The easiest way to exemplify what Godard's Weekend (P207) may be seeking to redeem is with Hyborian exemplars.
'Neutral value', for a start, is not physical but mental, in that our own world is ruled by the brain (of acolytes of the mirror of illusions or inductive logic.)
Capitalism is the practice of inductive logic. In other words, it's the obsession with numbers (monetary). Grace Slick recalls in her memoir (HB62/1)
Then, on
October 30, 1939, at Chicago Hope Hospital, Virginia Wing gave birth to Grace
Barnett Wing at 7;45 A.M. Well, not really. I don’t actually know my actual
time of birth or the name of the hospital, because they weren’t written on my
birth certificate. Back then, record keepers weren’t as anal-compulsive as they
are today, so I’ve always made up my own stats when it was time to fill in the
blanks. (page 12 – compare
with Lindsay Anderson quote on ‘numbers’ Alternates 4)
The 30s/40s/50s obviously wasn't as 'bad' as the 90s when the book was written, and not so bad as today. Why? Because numbers are algorithms and we now live by algorithms. We are all machine-code.
The mental attribute is hard-wired and leads to ever more sameness. In the opening car jam in Weekend, the irony is that all the people strive to be different while they are all in the same predicament (of being in the same intractable situation.)
So the open question has to be: are the compulsions of capitalism and consumption the same as those of the inductive parallel reality? I think they have to be, since capitalism is simply the practical application of induction on the population.
Induction has a neutralising influence, whereby psychic reservoir is gobbled-up by goods in the capital system (P207). News is likewise the domain of expertise and 'neutral facts' that cannot be challenged.
Inductive wizardry goes right back to Newton, which Blake's print captures -see P201 - the body becomes almost an outgrowth of the dominant head, and the compulsion of the ego is oblivious to primal surroundings. This parallel reality is compulsive and ineluctably attracts the ego to its sterility.
The body contains reciprocal value in the opposing elements of the physique, but the universe of primitive action occurs outside the parallel universe of numbers and algorithms.
Sorcery is the expertise that delves more and more into this illusory reality. The reality of the brain is electro-chemical impulses as opposed to the physical reality of the fertile universe.
At this point, one has to state what the fertile universe is! It's not simply a case of being erotic and frolicking in the woods; it's the large-scale similarities that are apparent in nature.
Different things grow irregularly, and irregular lines create vibrancy of colour and mottled ochres.
A line can go left or right, so there is a continual vibrancy in the way it moves. There tends to be a sense of casual degradation, that the natural world is trying to get in there. The worm wriggles in the nooks and crannies.
The physical ease of such settings has an effect on the psyche, much like a campfire that soothes the vagabond after a day's exertions. All that is seductive to the area of bodily and psychic ease. Cynthia Harnett's illustrations to The Wool-sack (prev) are another case-in-point.
In the fertile universe, metamorphosis is allowed, which means that degradation and decadence are part of the scene ,a sign of the powerful forces of nature in operation.
Smith's print has a broken wood carving on bottom right. Rotten wood is a powerful symbol of physical processes that decay and regenerate.Before going full-on into Hyborian motifs, here are another two pictures that speak of dim lights, mottled hues, frayed fabrics and an old-time vibrancy of decadent living (P202)
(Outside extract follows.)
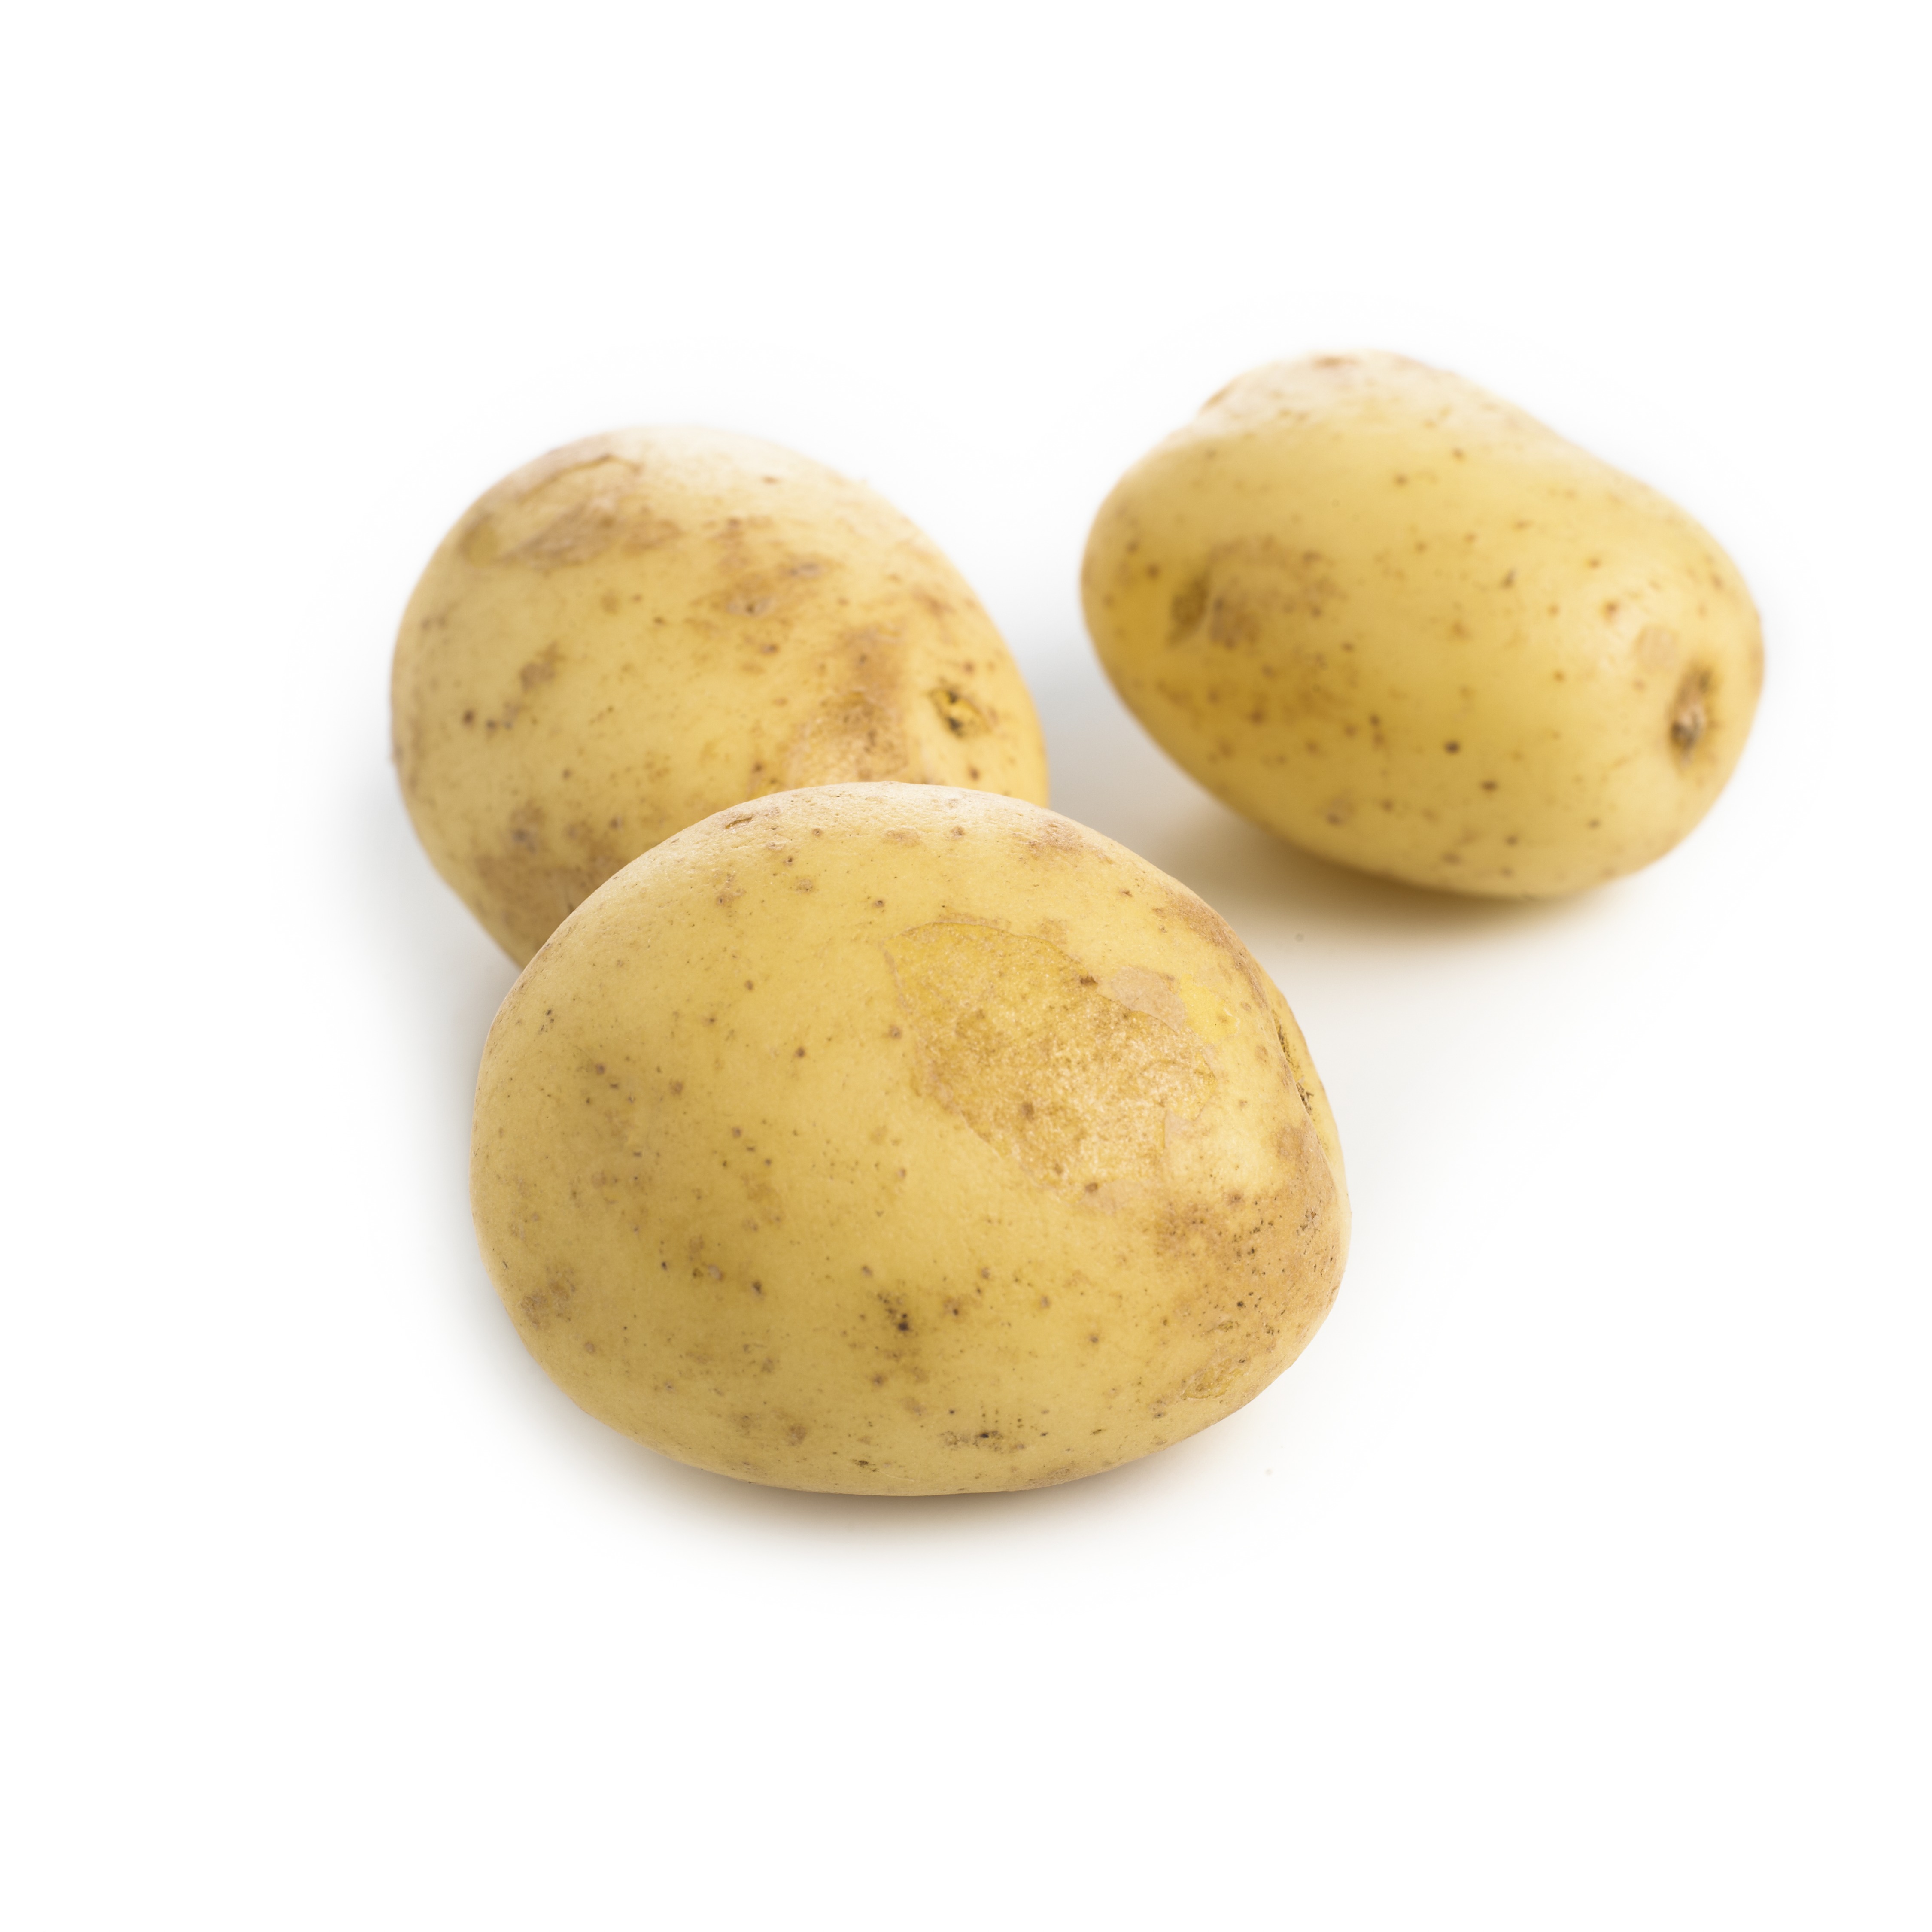 Woman Arrested After Peeing on Walmart Potatoes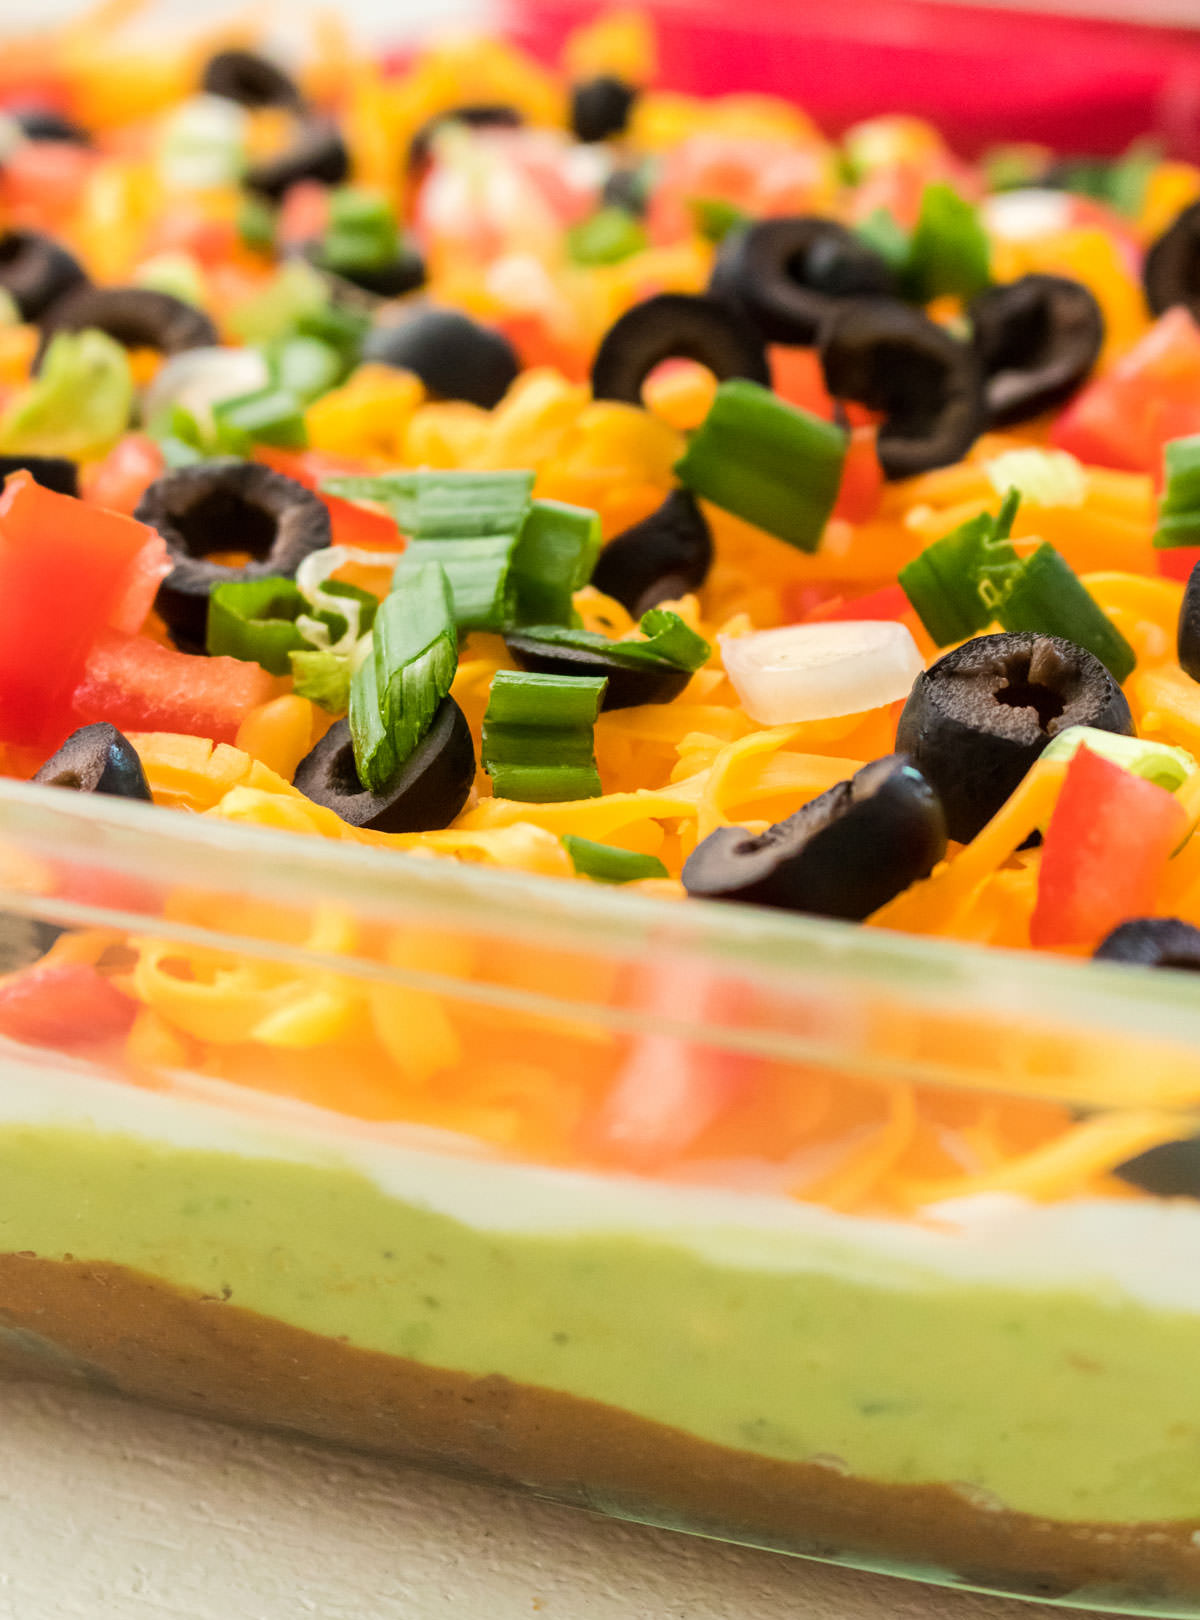 Closeup on a 9x13" glass baking dish filled with 7 layer dip sitting on a white table.

It's a type of casual attitude to living in nomadic ways of a 60s hippy/beatnik culture; a Bedouin tent come VW campervan ethos.
The big question is, why did this ethos decline and capital surge forward once more following the '68 fracas in France, Woodstock and all that jazz? It seems that people honestly believe in the benefits, but it seems also that a half-truth is being promulgated.
Optimism is electric and the future we are being sold is essentially 100% electric that one's brain then plugs-into, one with the machine. But as has been noted previously, this implies the stories we are told do not broach the dark side of existence; expressive algorithms (prev) will only tell optimistic stories.
The Noto-esque, dark and bestial underworld of debauched metamorphosis is totally not there (see The Rape of Europa, Titian.) You will only get it in fantasy; you will get it in Grant Morrison and Ye West, the mainstream will blithely stay the same.
The problem is, without the dark underworld of the carbon-based soil that harbours things living and decaying, there can be no revival (no Dionysian rites of jollity.)
The half-truth is that the psyche is much more like an algorithm - humans become half-machine, while algorithms become half-human. In a quest for sameness and what 'they' call camaraderie, one gets stories of optimistic nothingness.
The parallel reality can give stimulation (and simulation, natch), but not the casual sense of being freely active in the animal sense.
"A lie which is half a truth is ever the blackest of lies.." (Beast from animated X-Men 'Weapon X, Lies and Videotape', quoting Alfred Lord Tennyson.)